How to complete this task
Repeat the listing below line by line, exactly, leaving its pictures behind.

Records for this task
=== Section Start ===
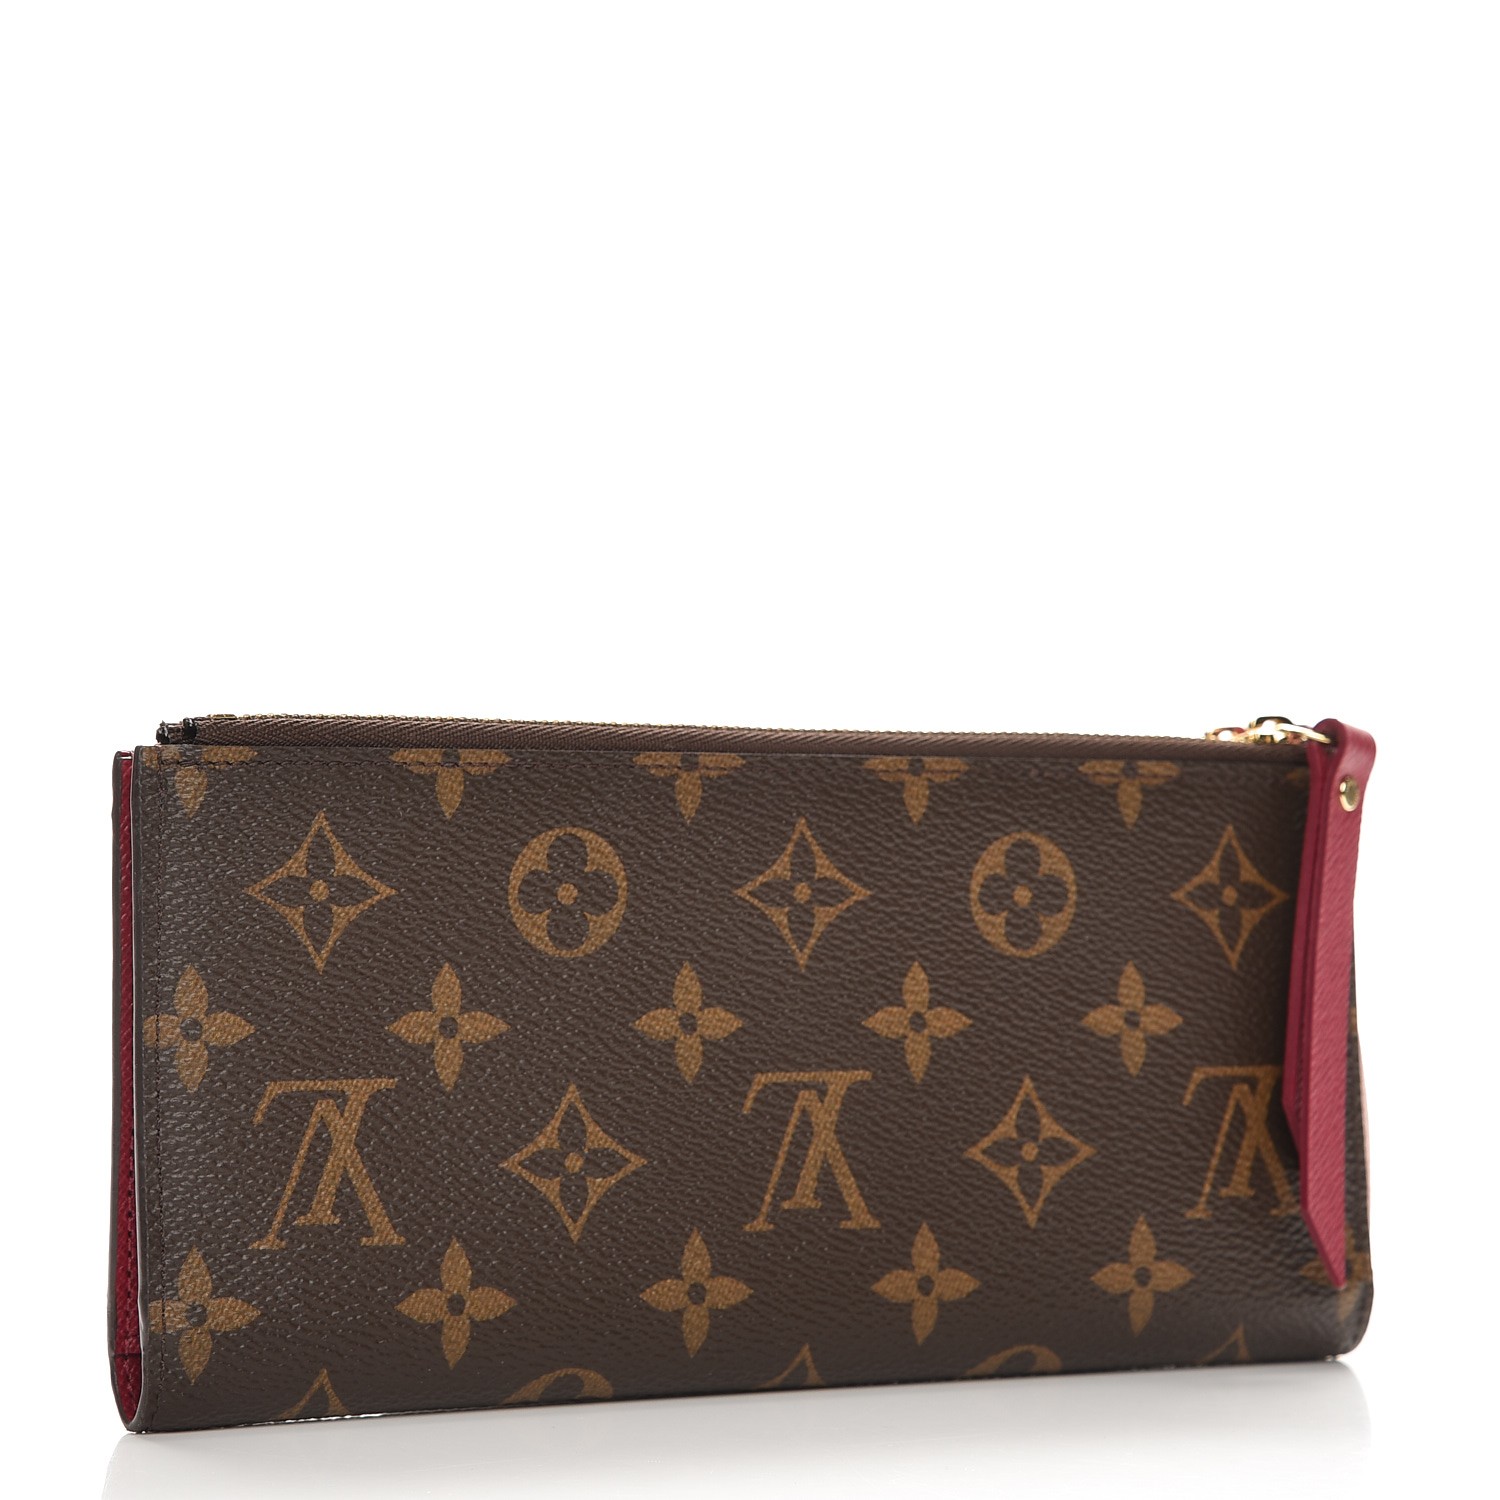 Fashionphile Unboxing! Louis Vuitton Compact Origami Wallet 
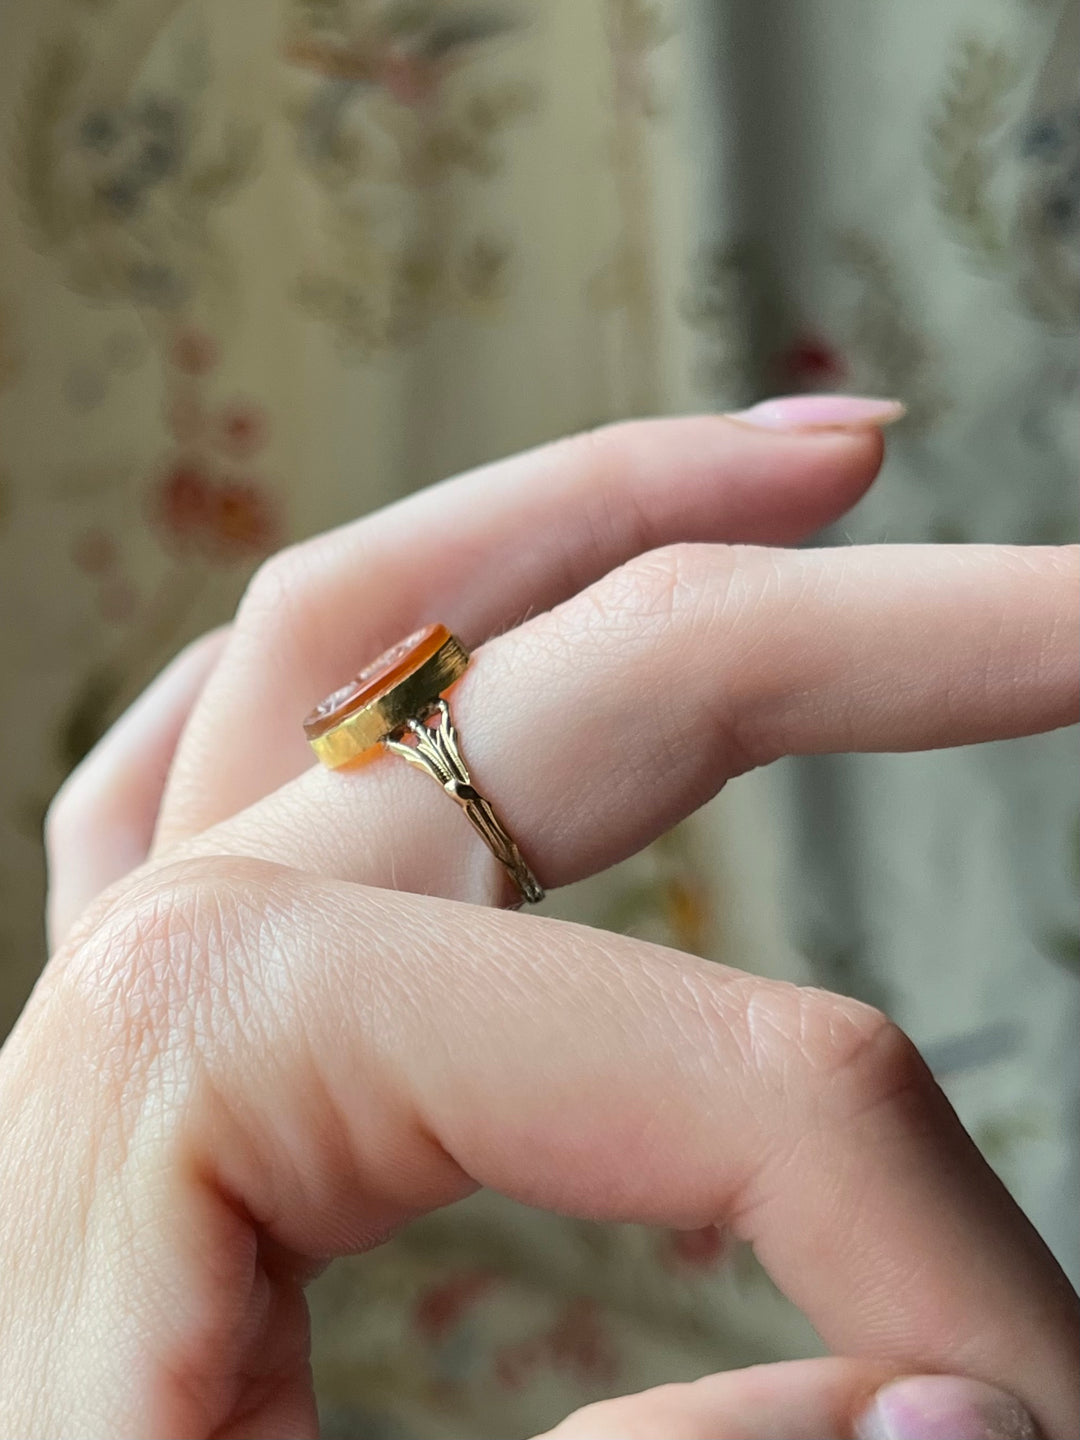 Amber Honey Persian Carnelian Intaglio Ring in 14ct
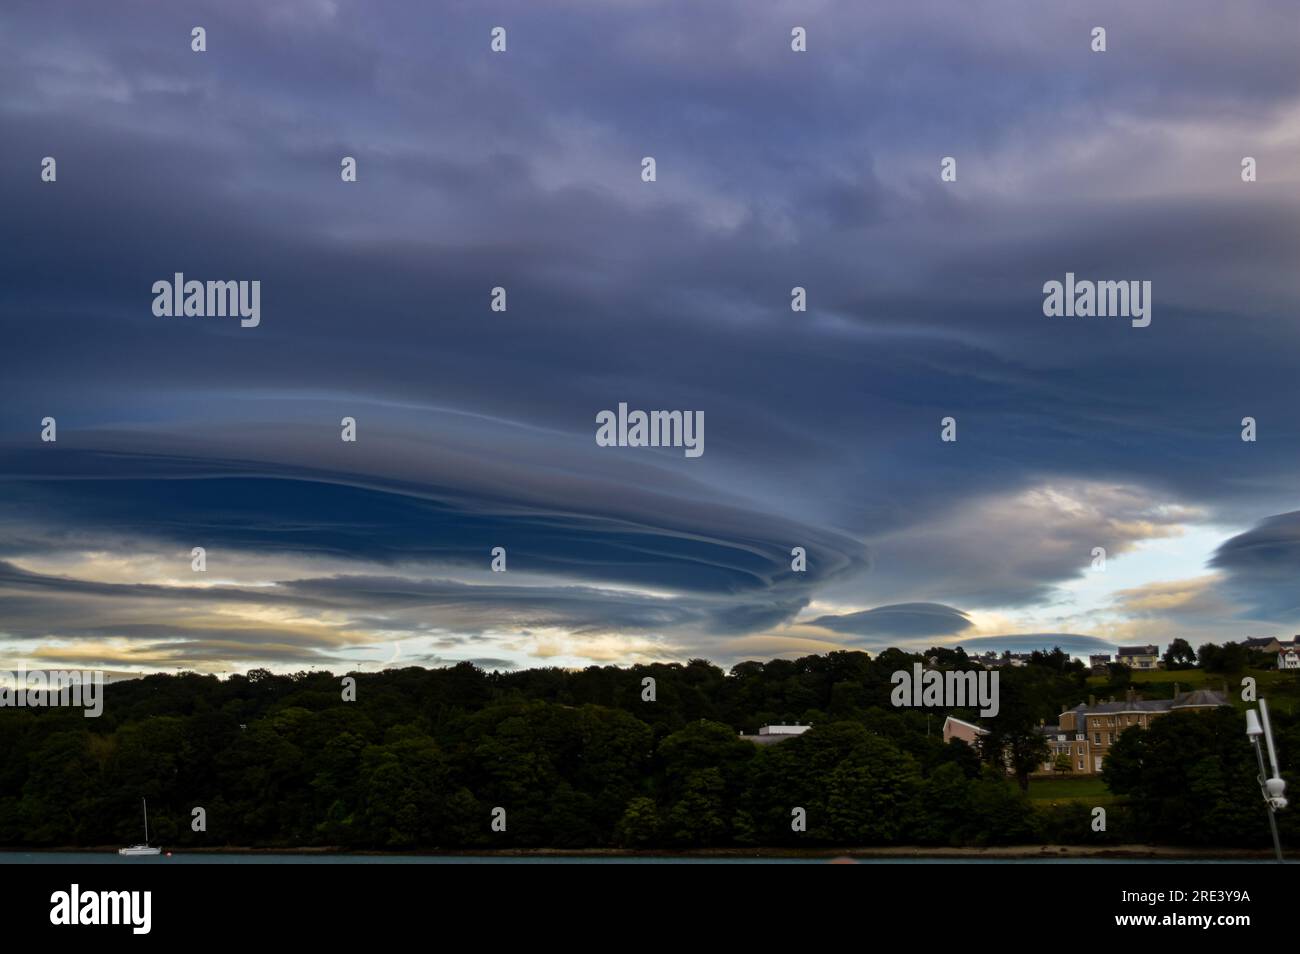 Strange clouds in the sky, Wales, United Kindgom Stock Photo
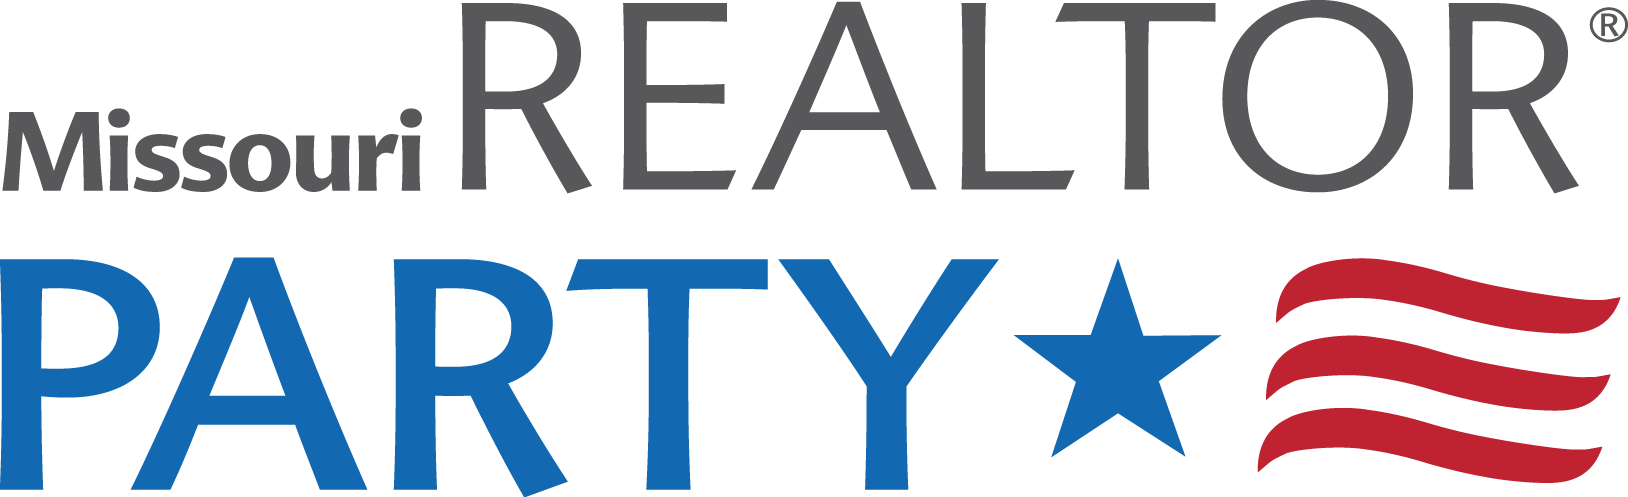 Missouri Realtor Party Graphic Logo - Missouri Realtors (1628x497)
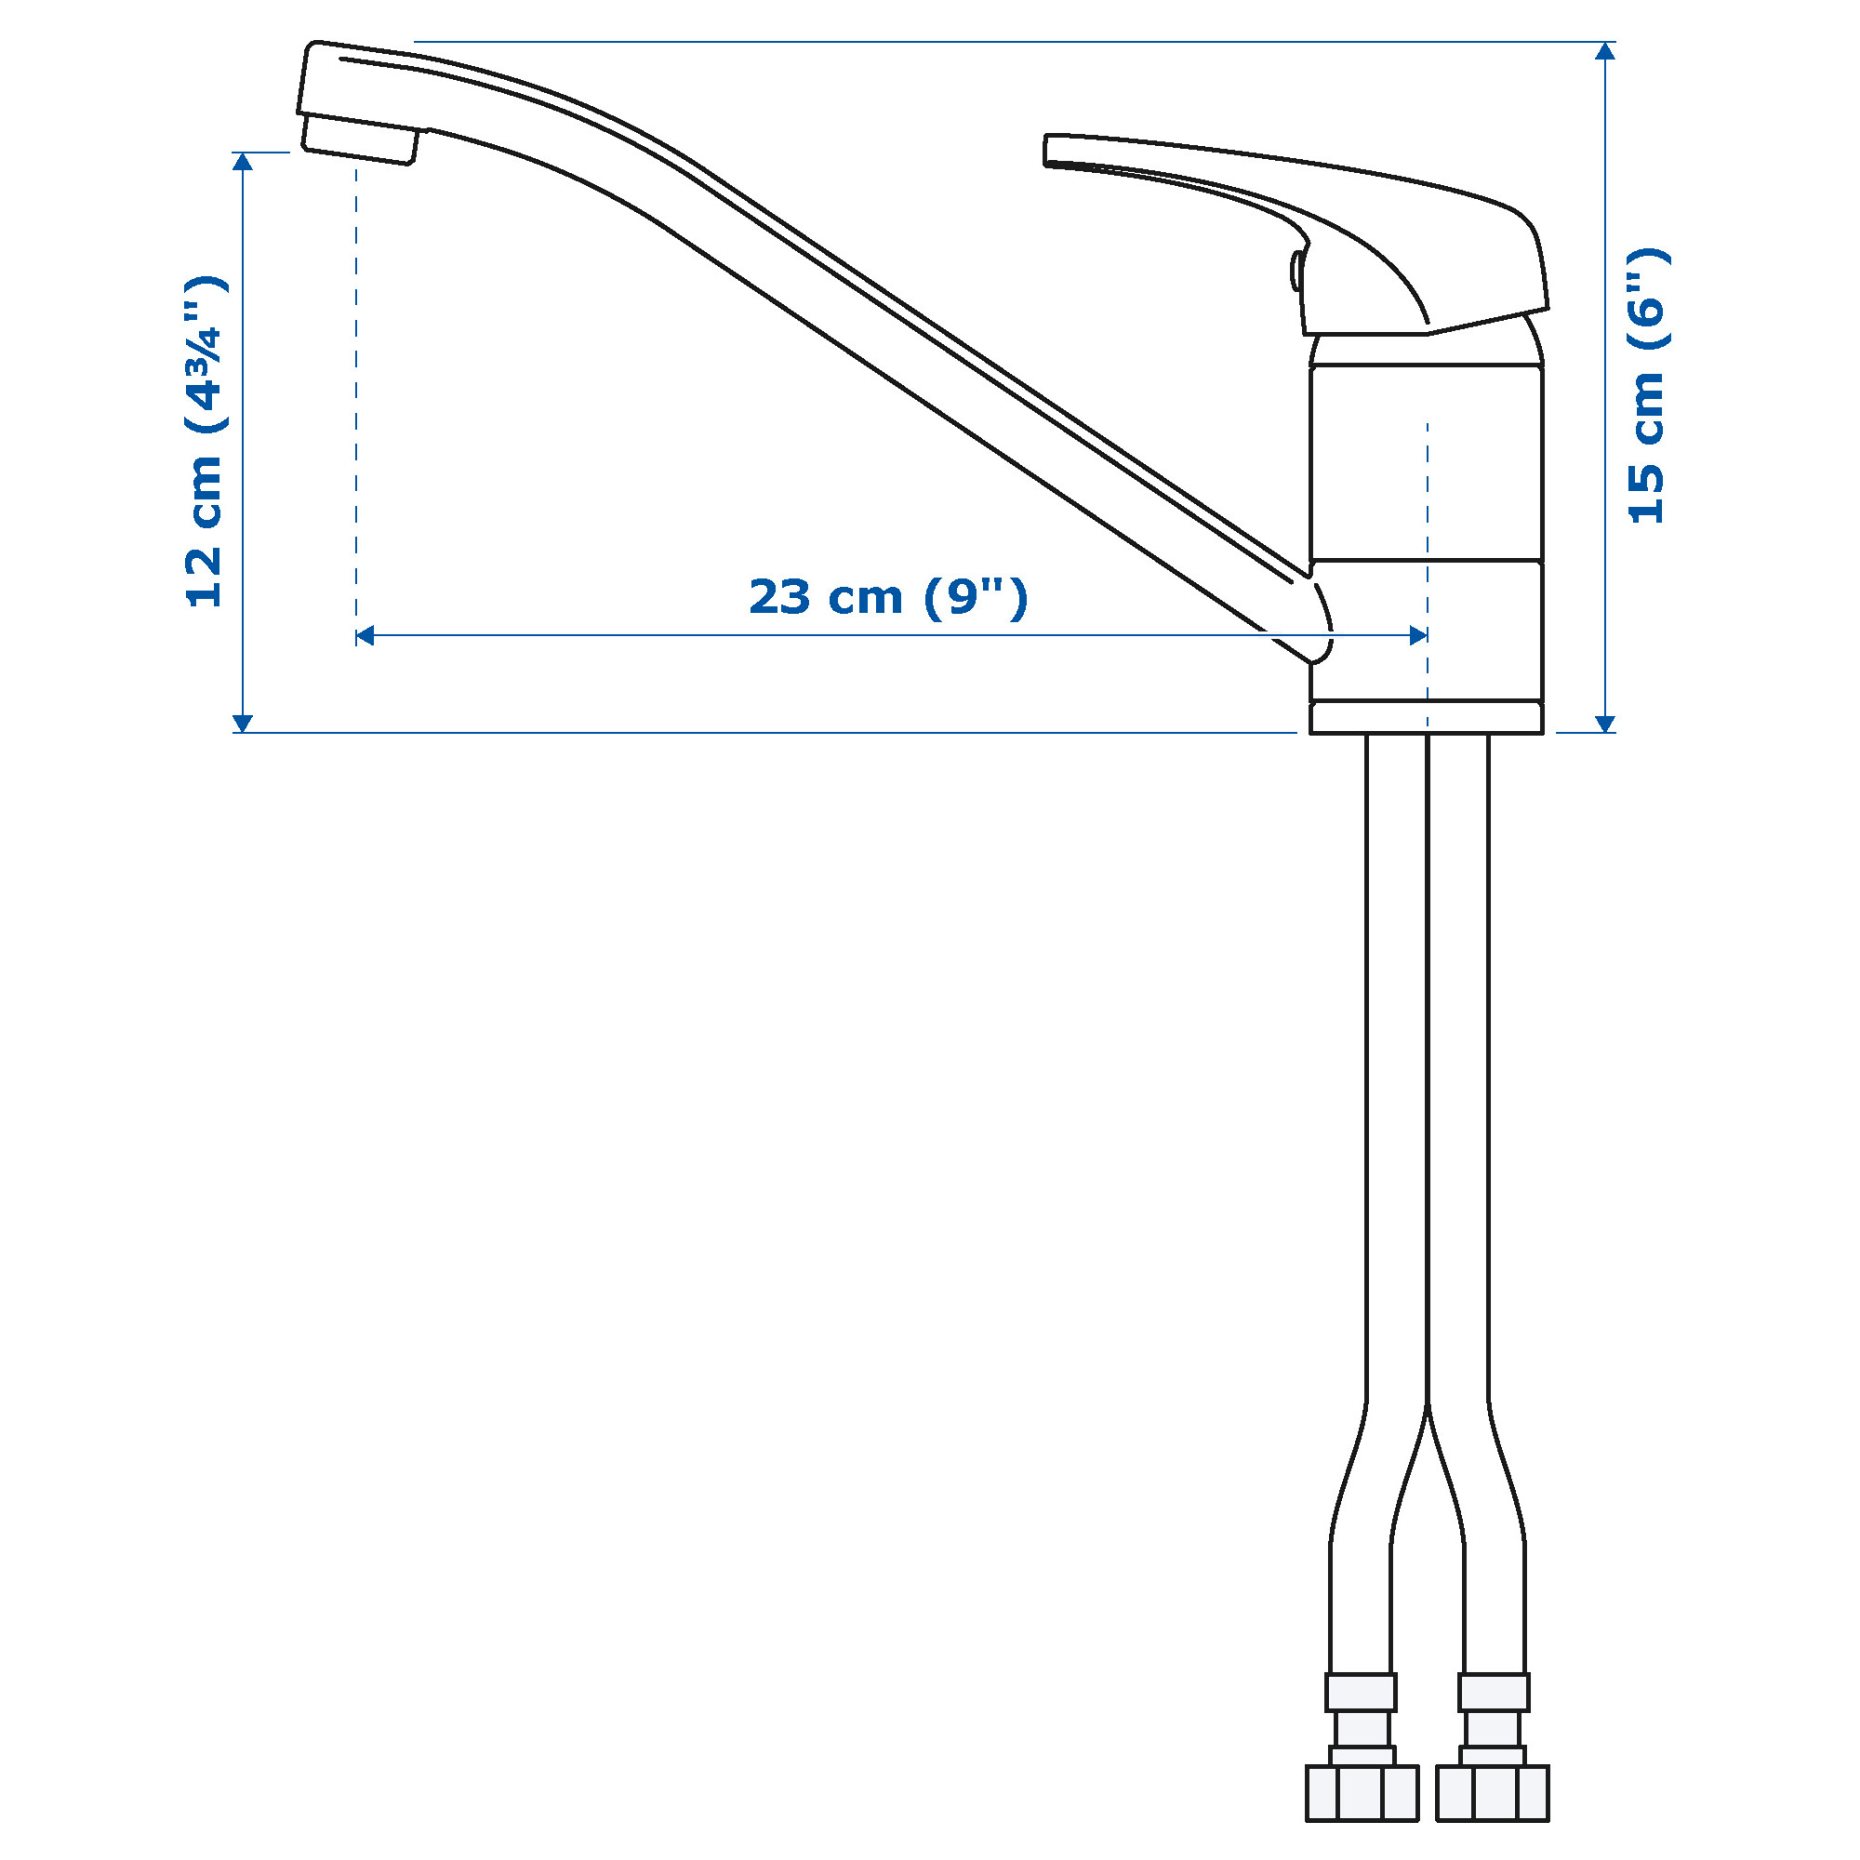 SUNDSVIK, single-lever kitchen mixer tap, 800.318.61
=== Section End ===
Exercise response
 Fashionphile Unboxing! Louis Vuitton Compact Origami Wallet 
 Amber Honey Persian Carnelian Intaglio Ring in 14ct
 Strange clouds in the sky, Wales, United Kindgom Stock Photo
 Missouri Realtor Party Graphic Logo - Missouri Realtors (1628x497)
 SUNDSVIK, single-lever kitchen mixer tap, 800.318.61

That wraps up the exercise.